> **Required work**: Please transcribe the listing below in full and word for word, without its pictures.

> **Data**:
--- START ---
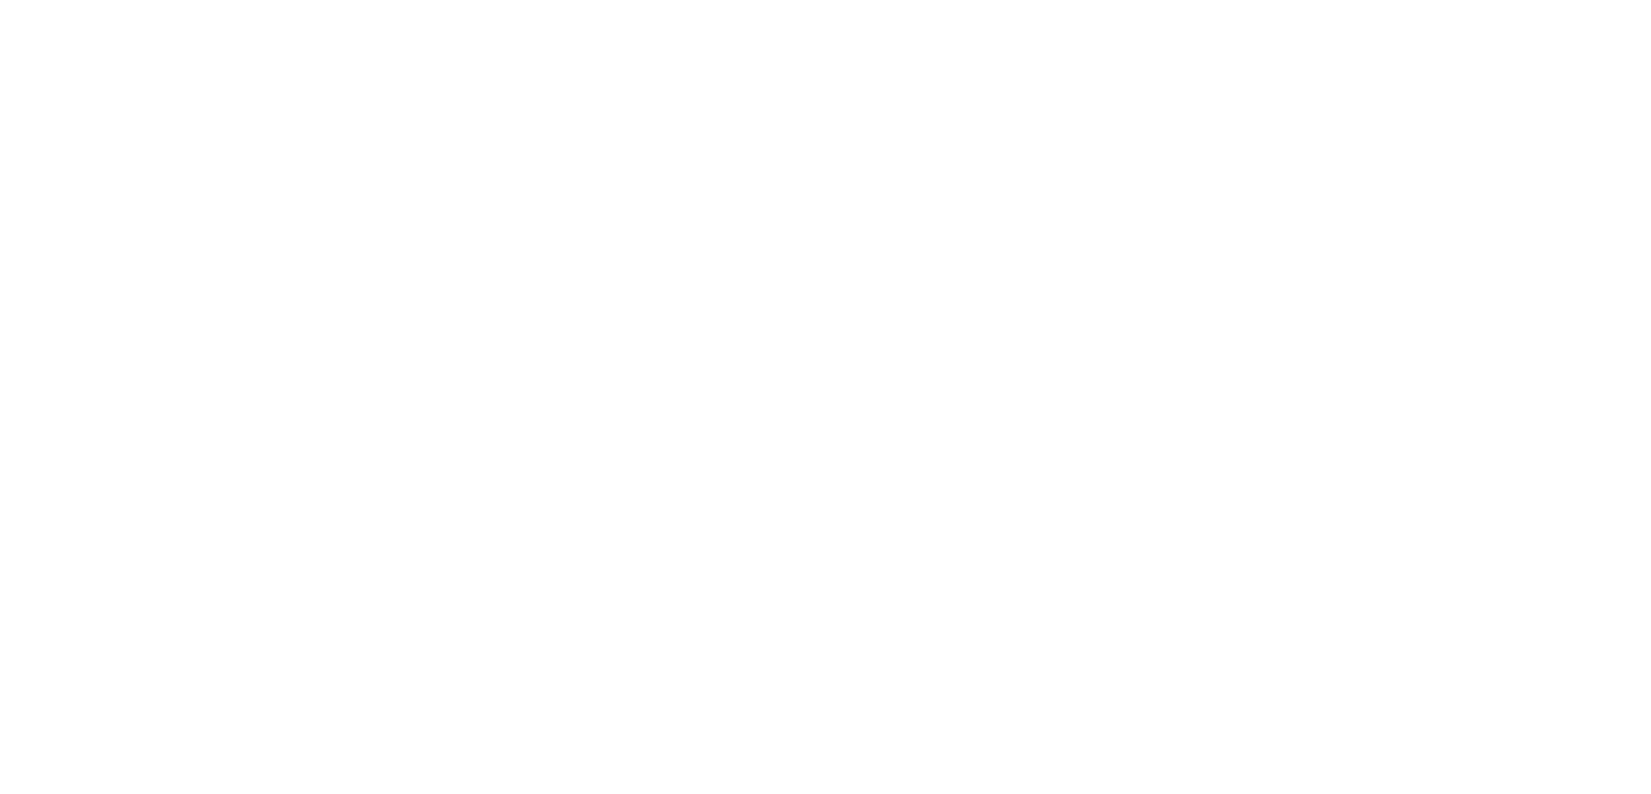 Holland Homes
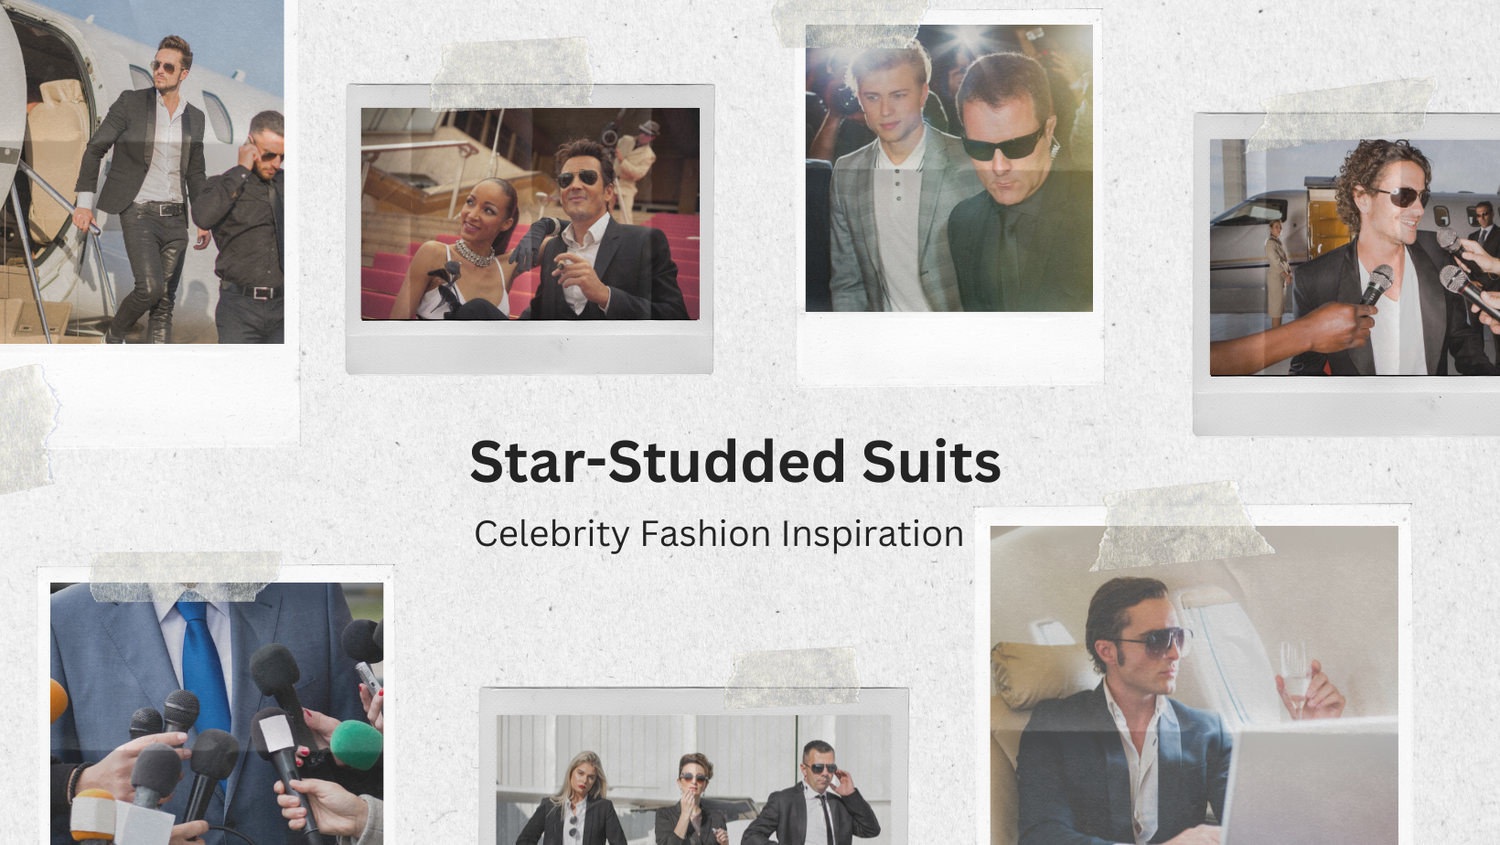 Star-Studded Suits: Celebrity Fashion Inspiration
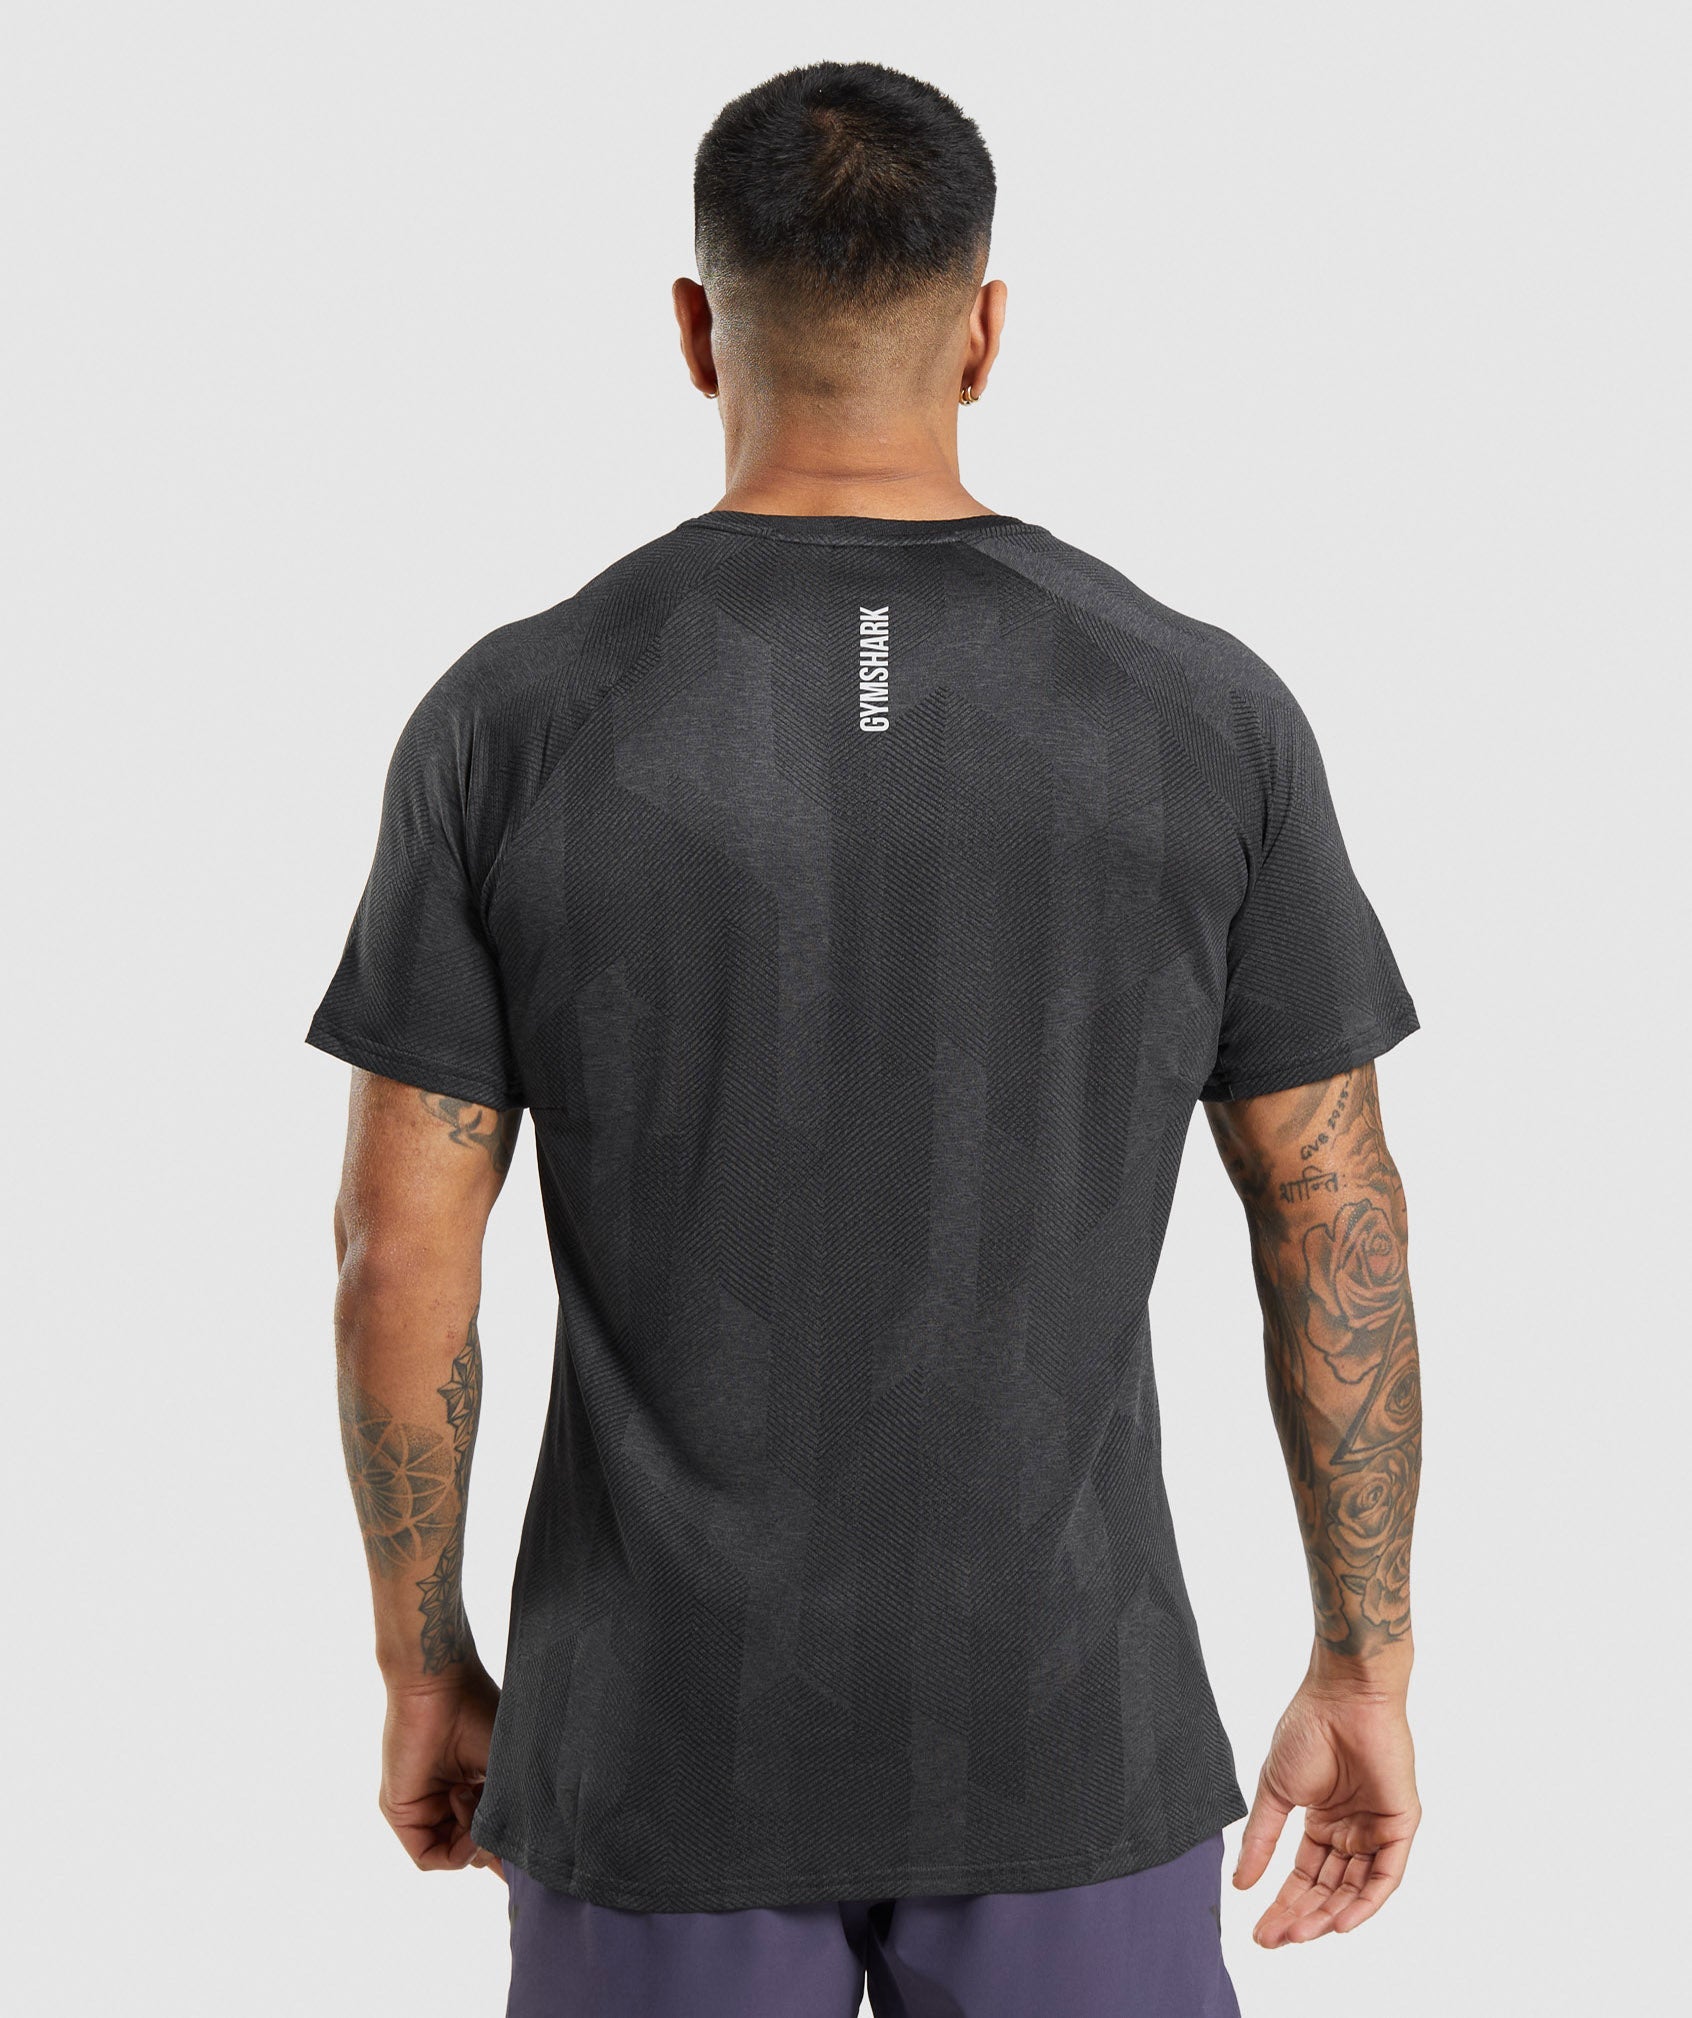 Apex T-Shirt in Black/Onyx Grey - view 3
--- END ---
> **Answer section**:
 Holland Homes
 Star-Studded Suits: Celebrity Fashion Inspiration
 Apex T-Shirt in Black/Onyx Grey - view 3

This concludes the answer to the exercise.